> **Work instructions**
Leaving out all pictures, write down exactly the lines from the one containing "Urdu Ghazal by" through the last line of the material.

> **Information shown**
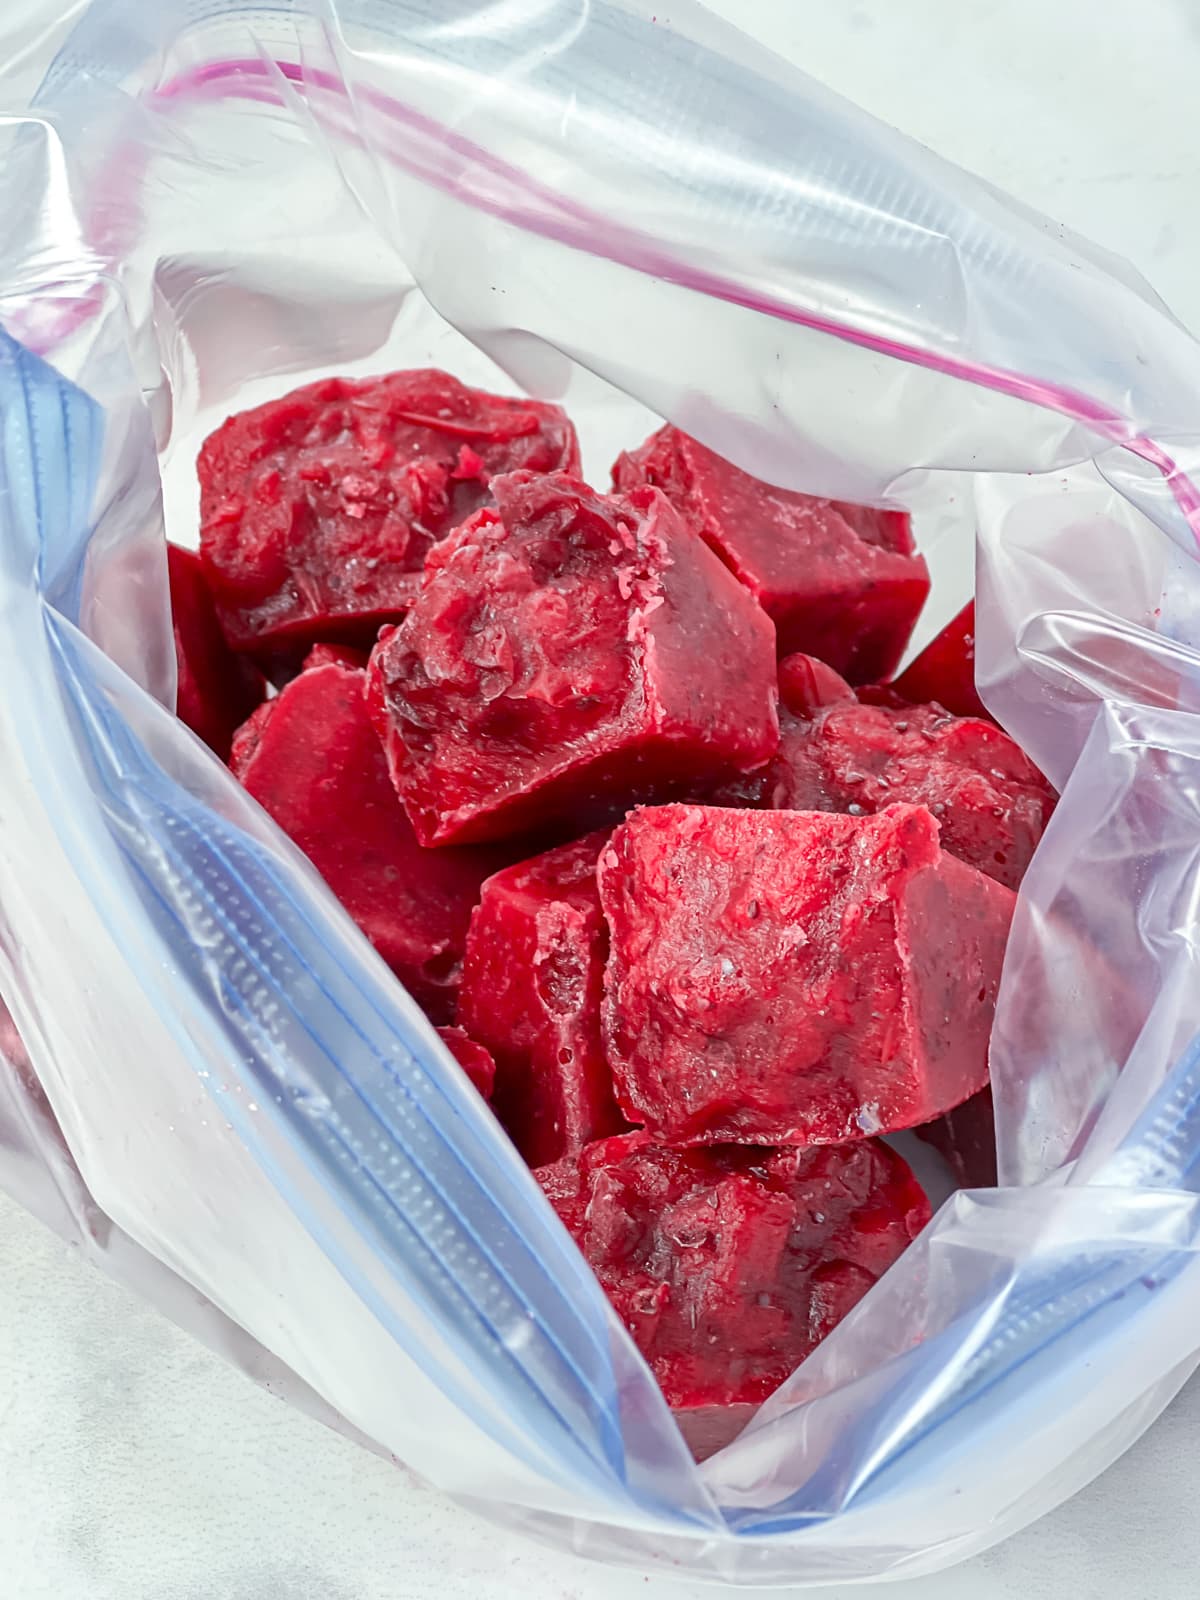 Cranberry sauce ice cubes in a freezer bag.
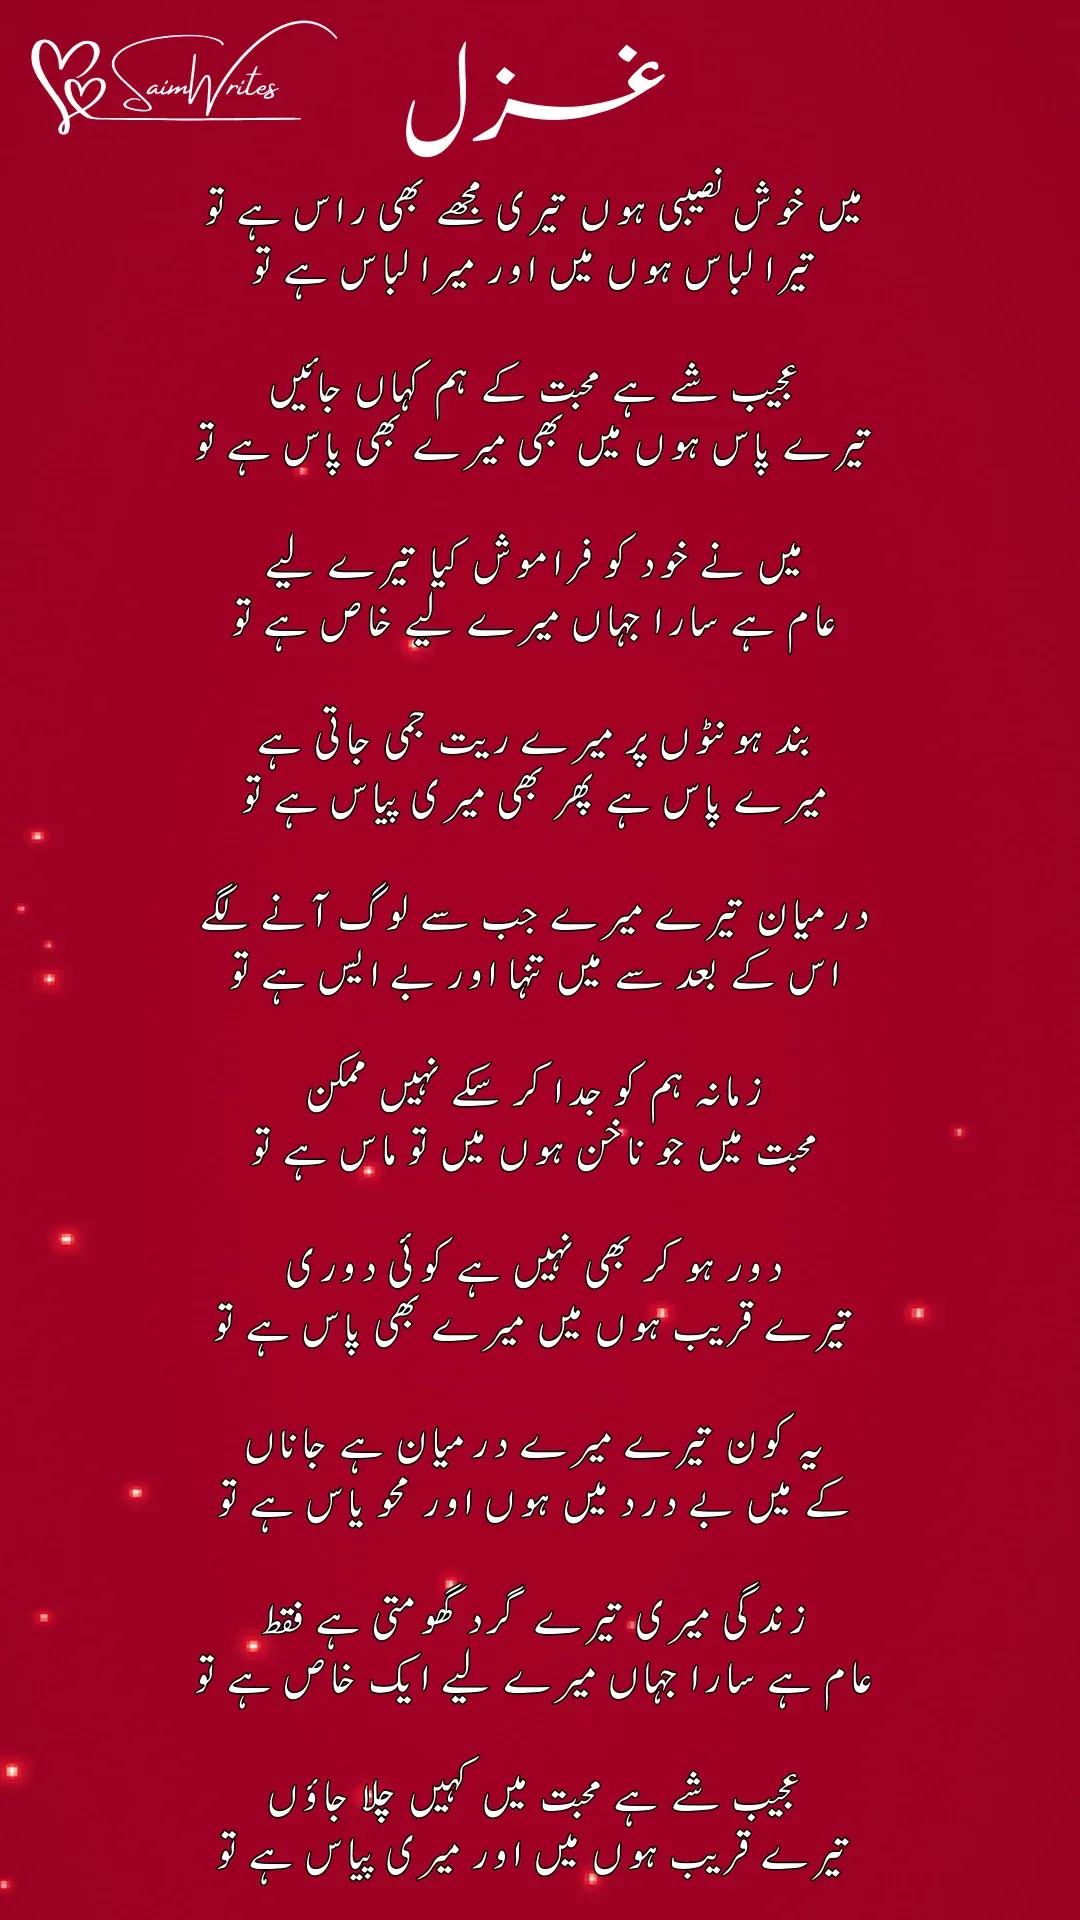 Urdu Ghazal by wasi shah | Mein khush naseebi hon teri - SaimWrites
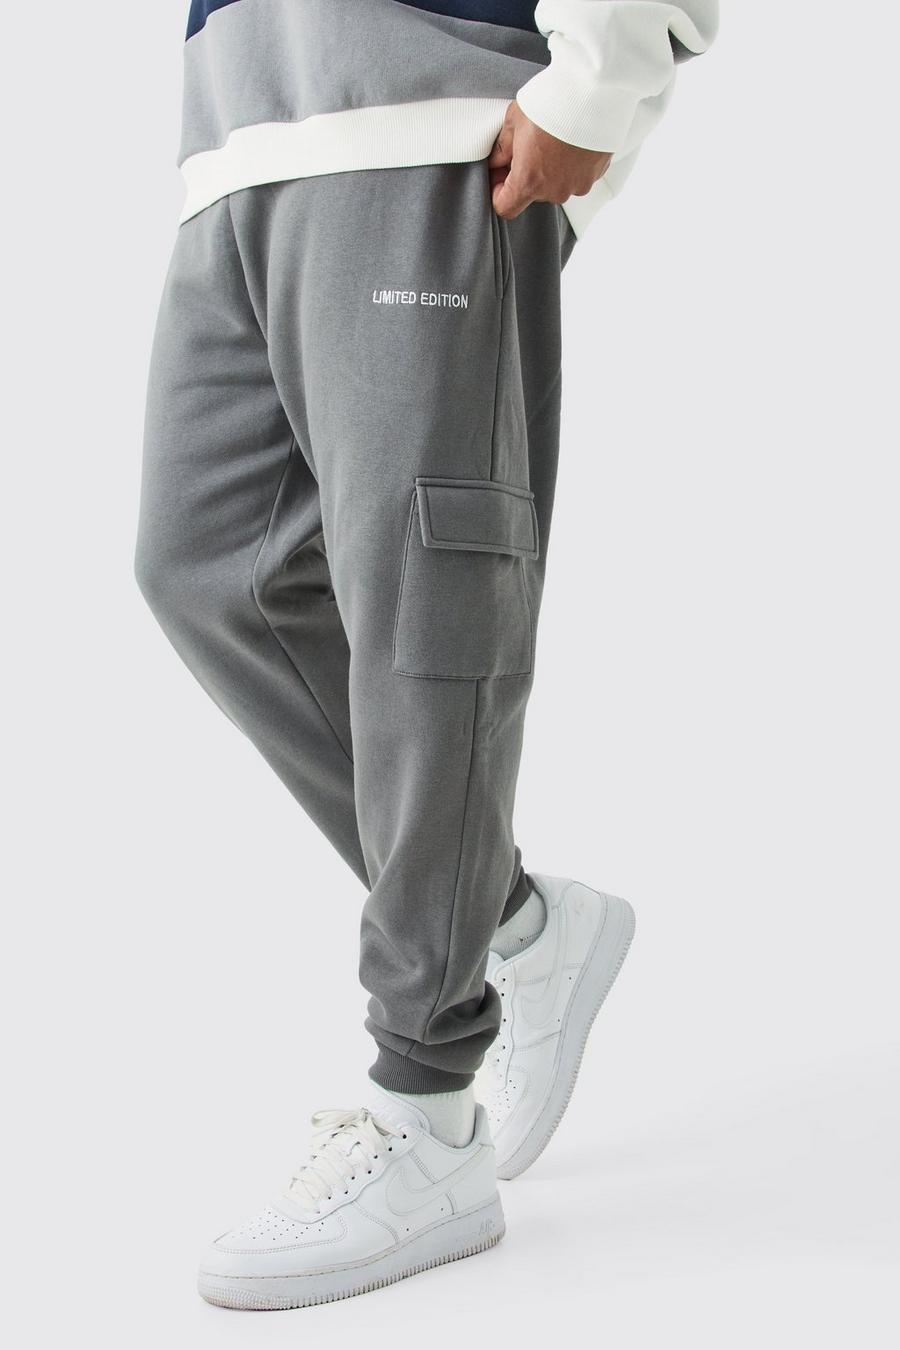 Pantaloni tuta Cargo Plus Size Limited Edition Skinny Fit, Charcoal

> **Exercise answer**
 Urdu Ghazal by wasi shah | Mein khush naseebi hon teri - SaimWrites
 Pantaloni tuta Cargo Plus Size Limited Edition Skinny Fit, Charcoal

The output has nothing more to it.